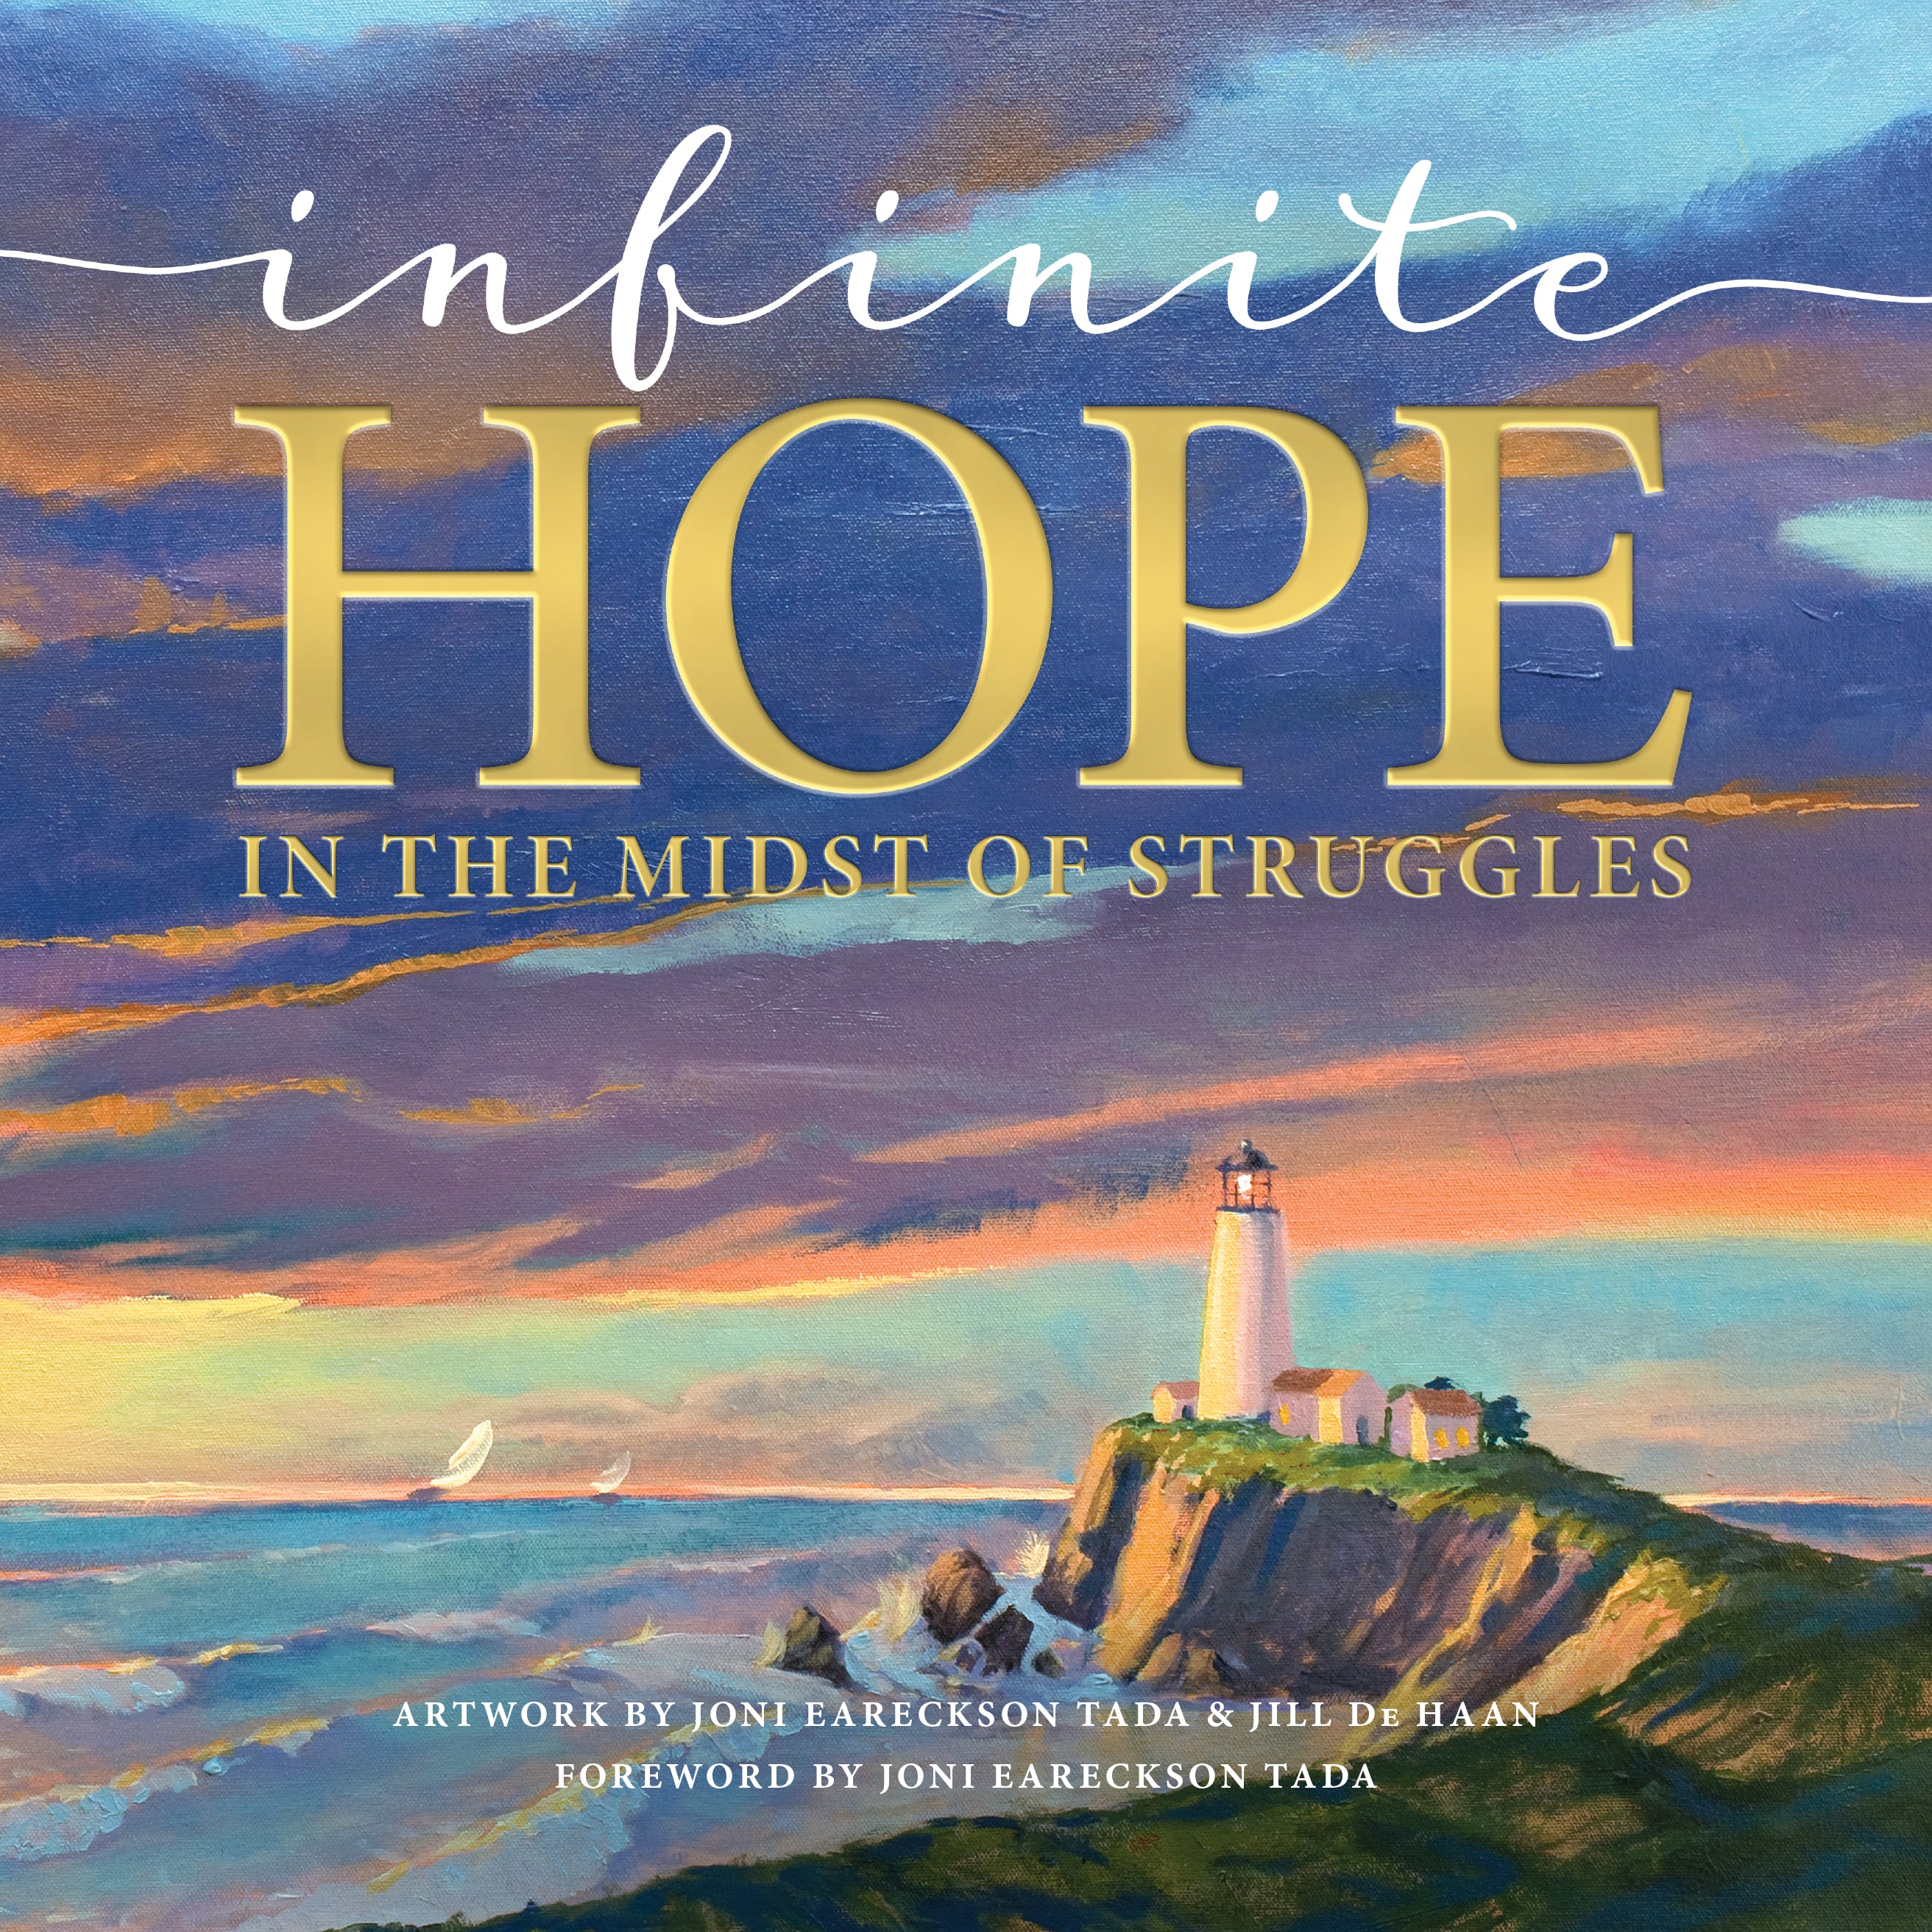 Image of Infinite Hope . . . in the Midst of Struggles other
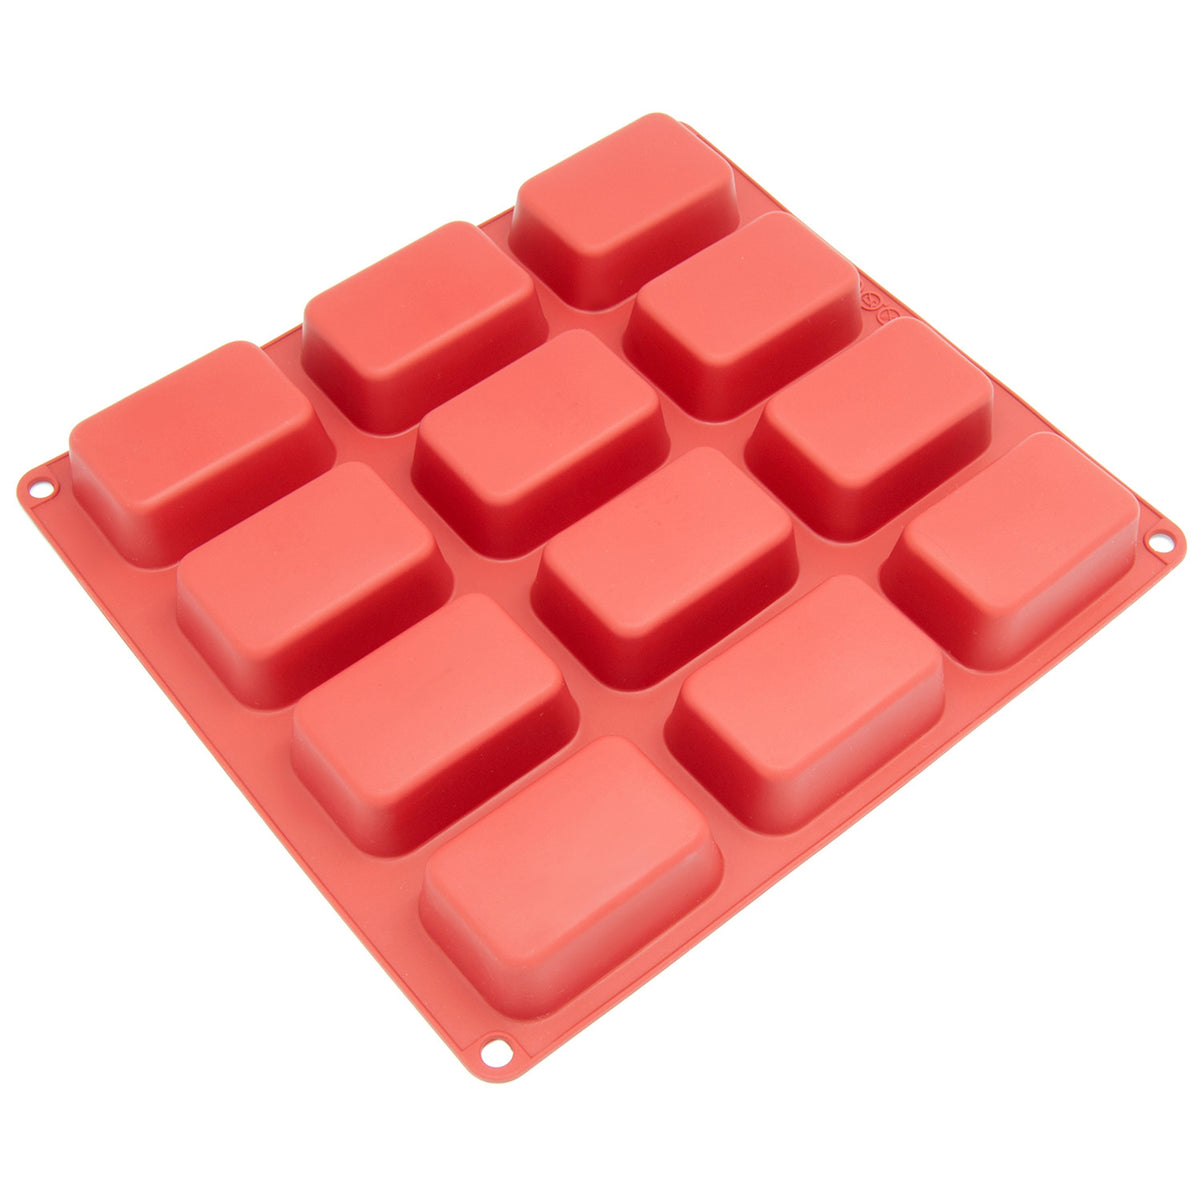 Silicone Muffin Pan - 12 Cups Regular Silicone Cupcake Pan, Non-stick  Silicone Great for Making Muffin Cakes, Tart, Bread - BPA Free and  Dishwasher Safe,Red 
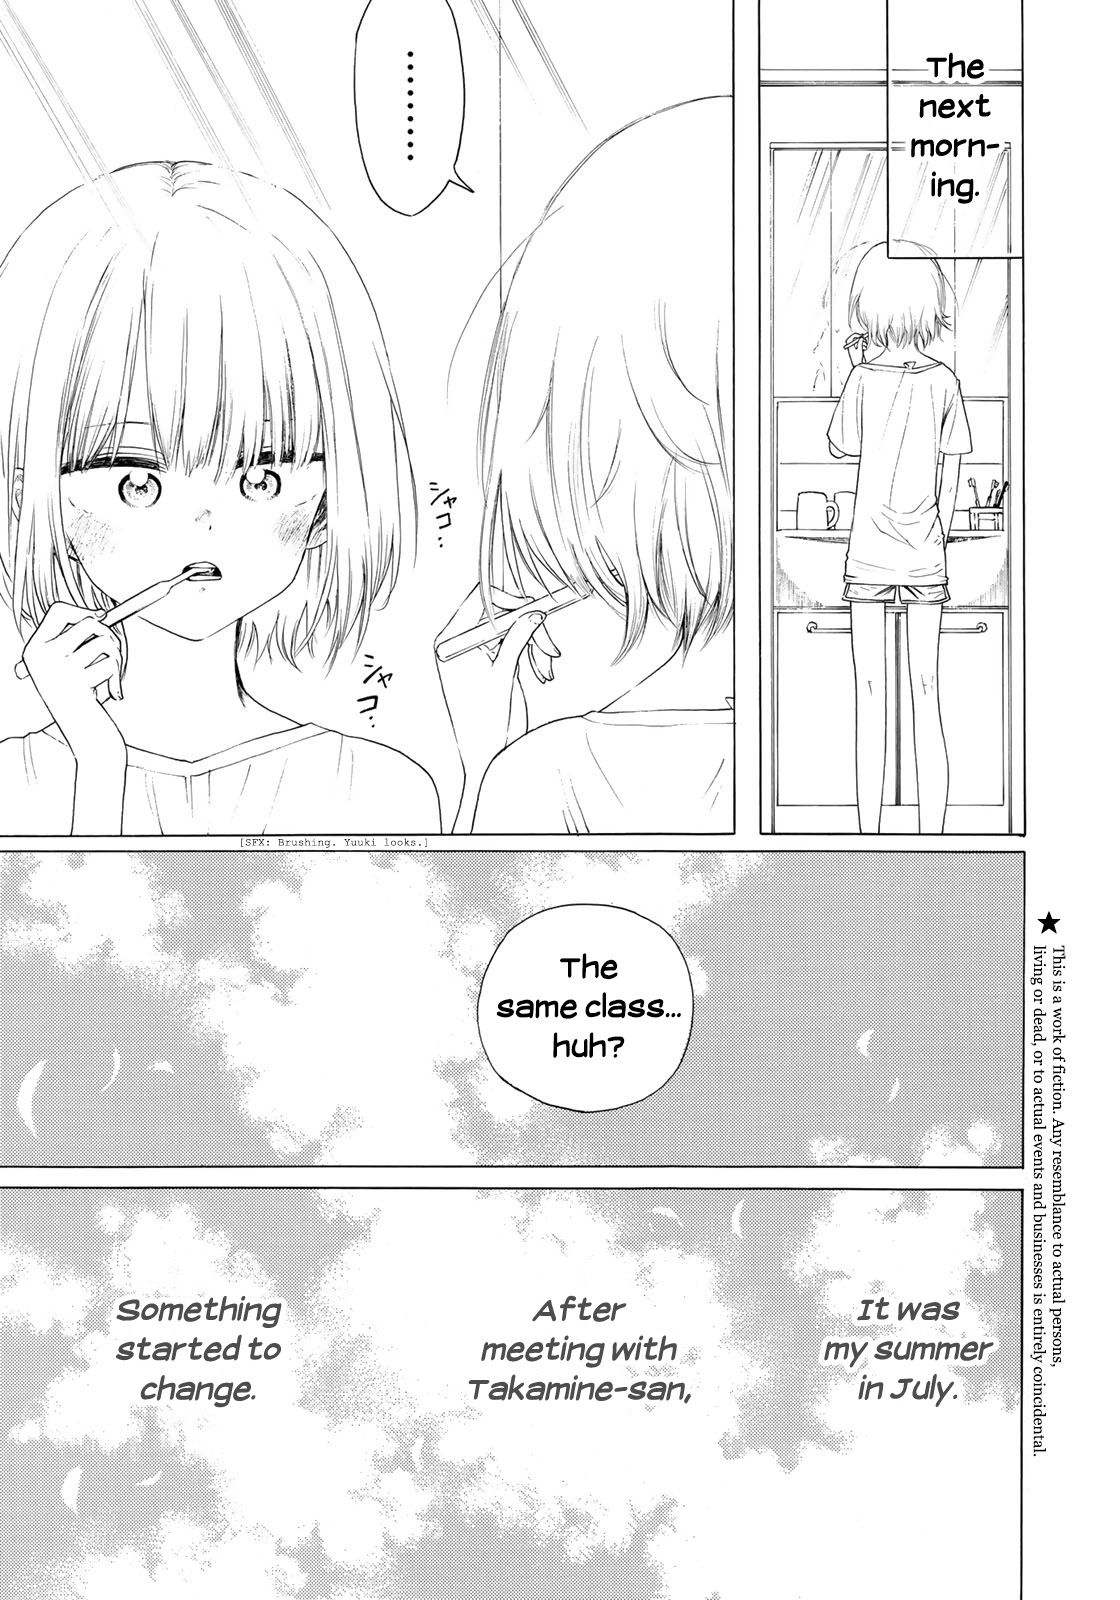 Looking Up to You Vol. 1 Ch. 8 I Want to Change

DIRECTIONS - The expected output is the full material above, word for word, without pictures.

RESPONSE -
 Image of Infinite Hope . . . in the Midst of Struggles other
 Silicone Muffin Pan - 12 Cups Regular Silicone Cupcake Pan, Non-stick  Silicone Great for Making Muffin Cakes, Tart, Bread - BPA Free and  Dishwasher Safe,Red 
 Looking Up to You Vol. 1 Ch. 8 I Want to Change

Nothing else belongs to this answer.